__Available data__
>>>
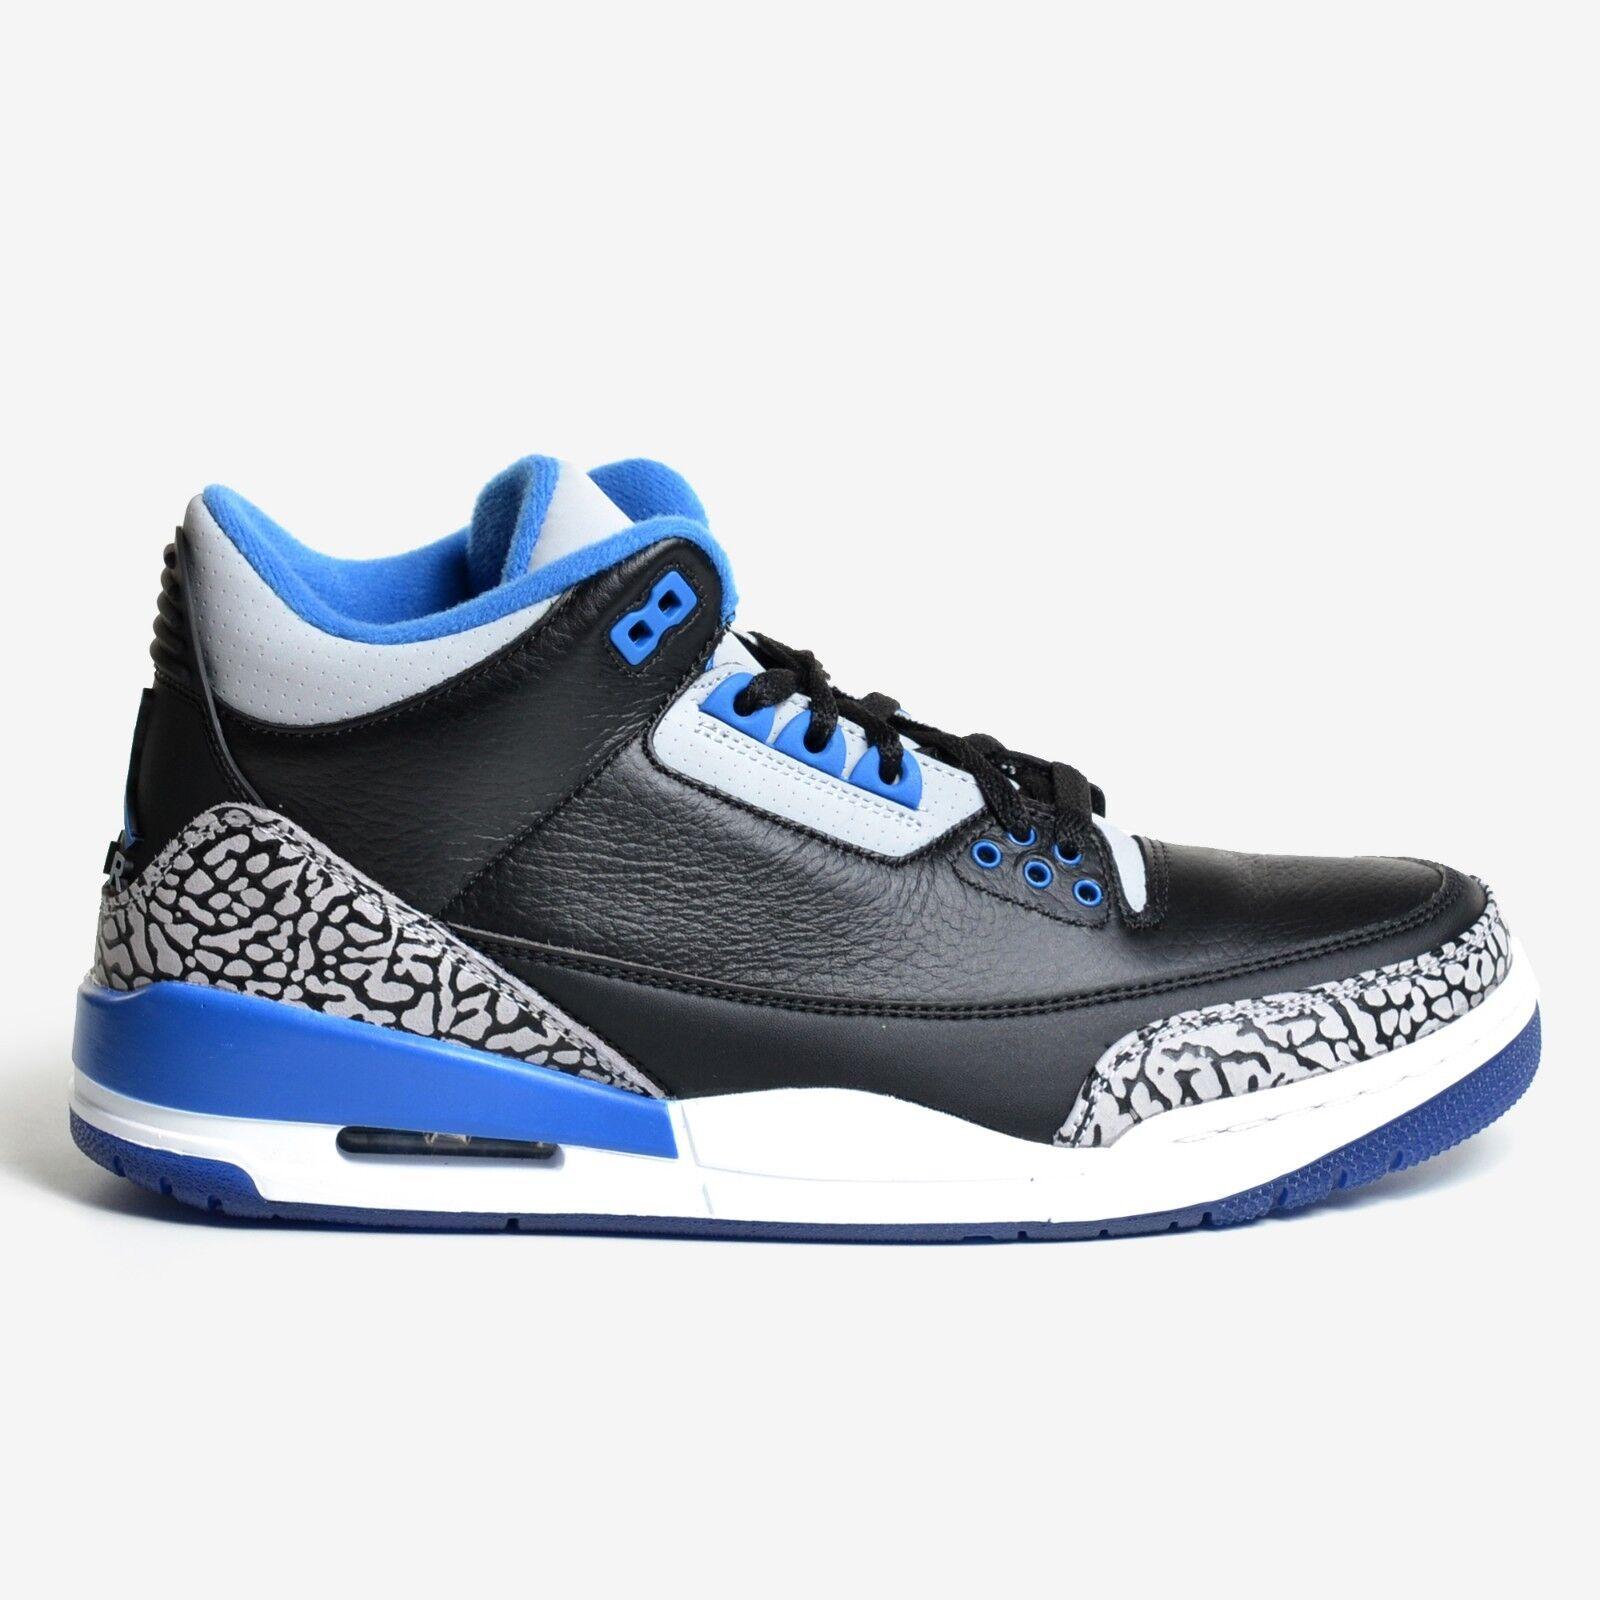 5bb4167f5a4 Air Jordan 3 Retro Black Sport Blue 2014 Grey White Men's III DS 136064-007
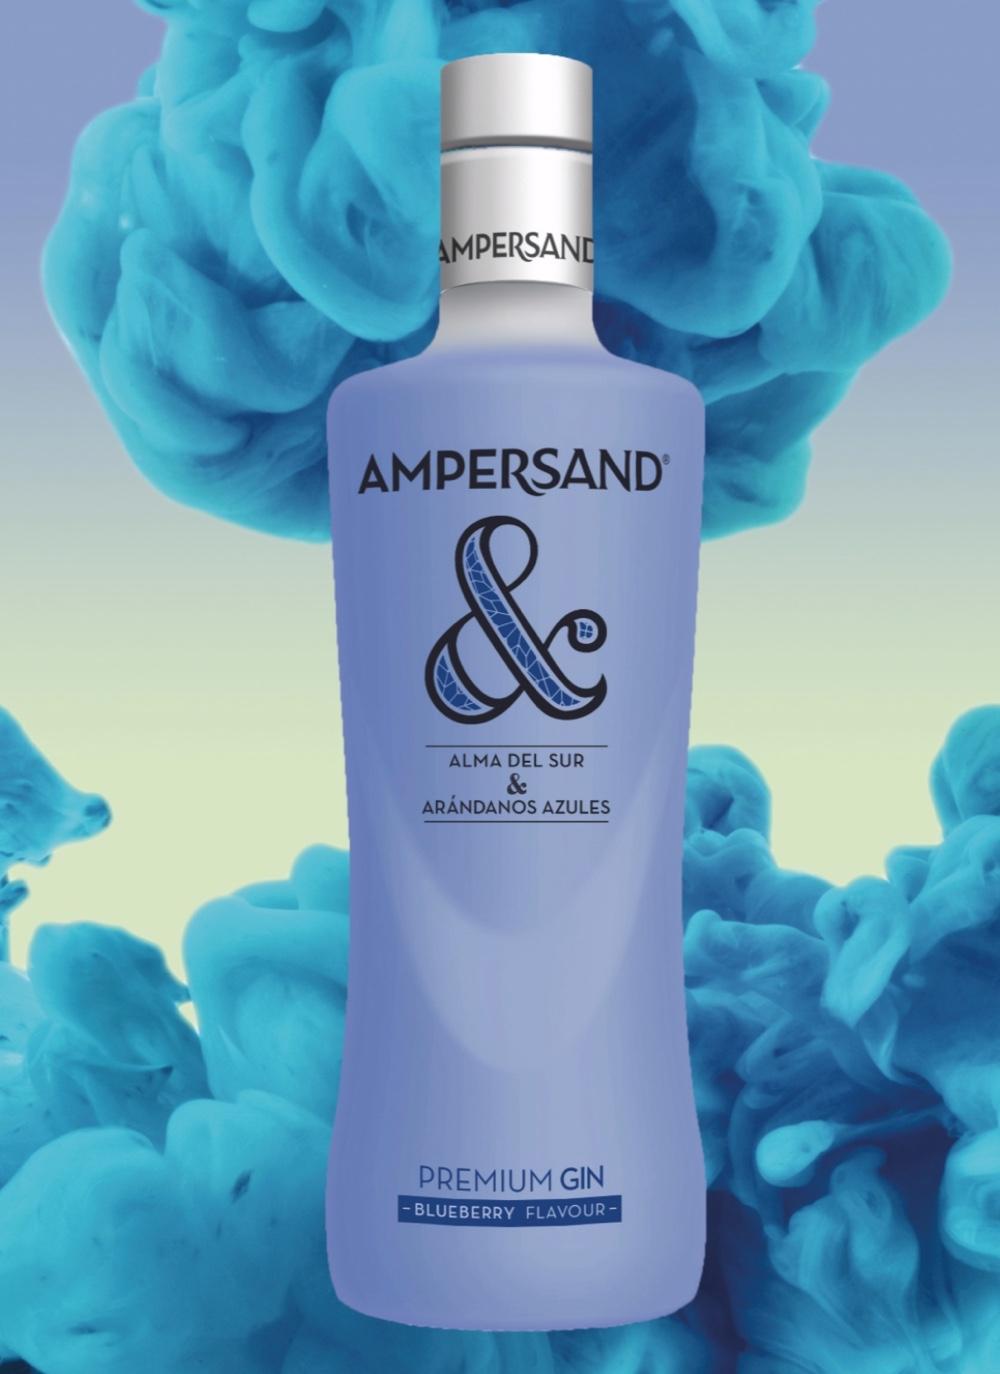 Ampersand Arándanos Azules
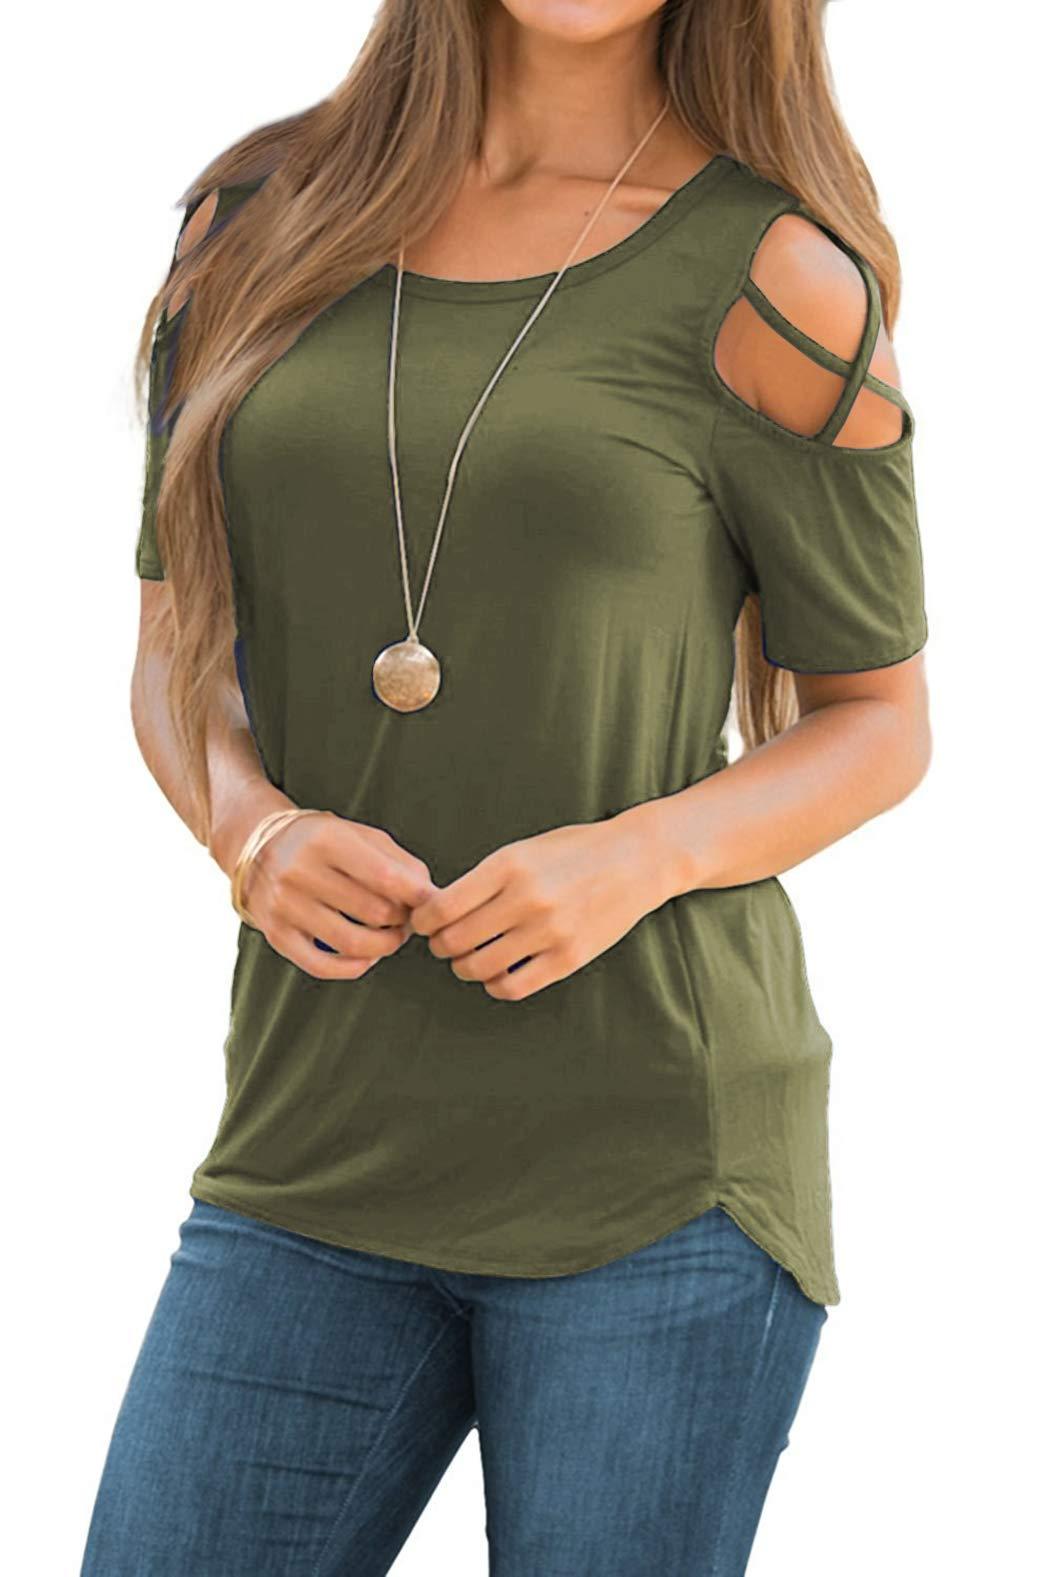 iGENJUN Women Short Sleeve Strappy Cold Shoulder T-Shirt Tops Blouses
<<<
__What is being asked__
Print out the complete listing above exactly, dropping each image.

__Completed task__
 5bb4167f5a4 Air Jordan 3 Retro Black Sport Blue 2014 Grey White Men's III DS 136064-007
 Ampersand Arándanos Azules
 iGENJUN Women Short Sleeve Strappy Cold Shoulder T-Shirt Tops Blouses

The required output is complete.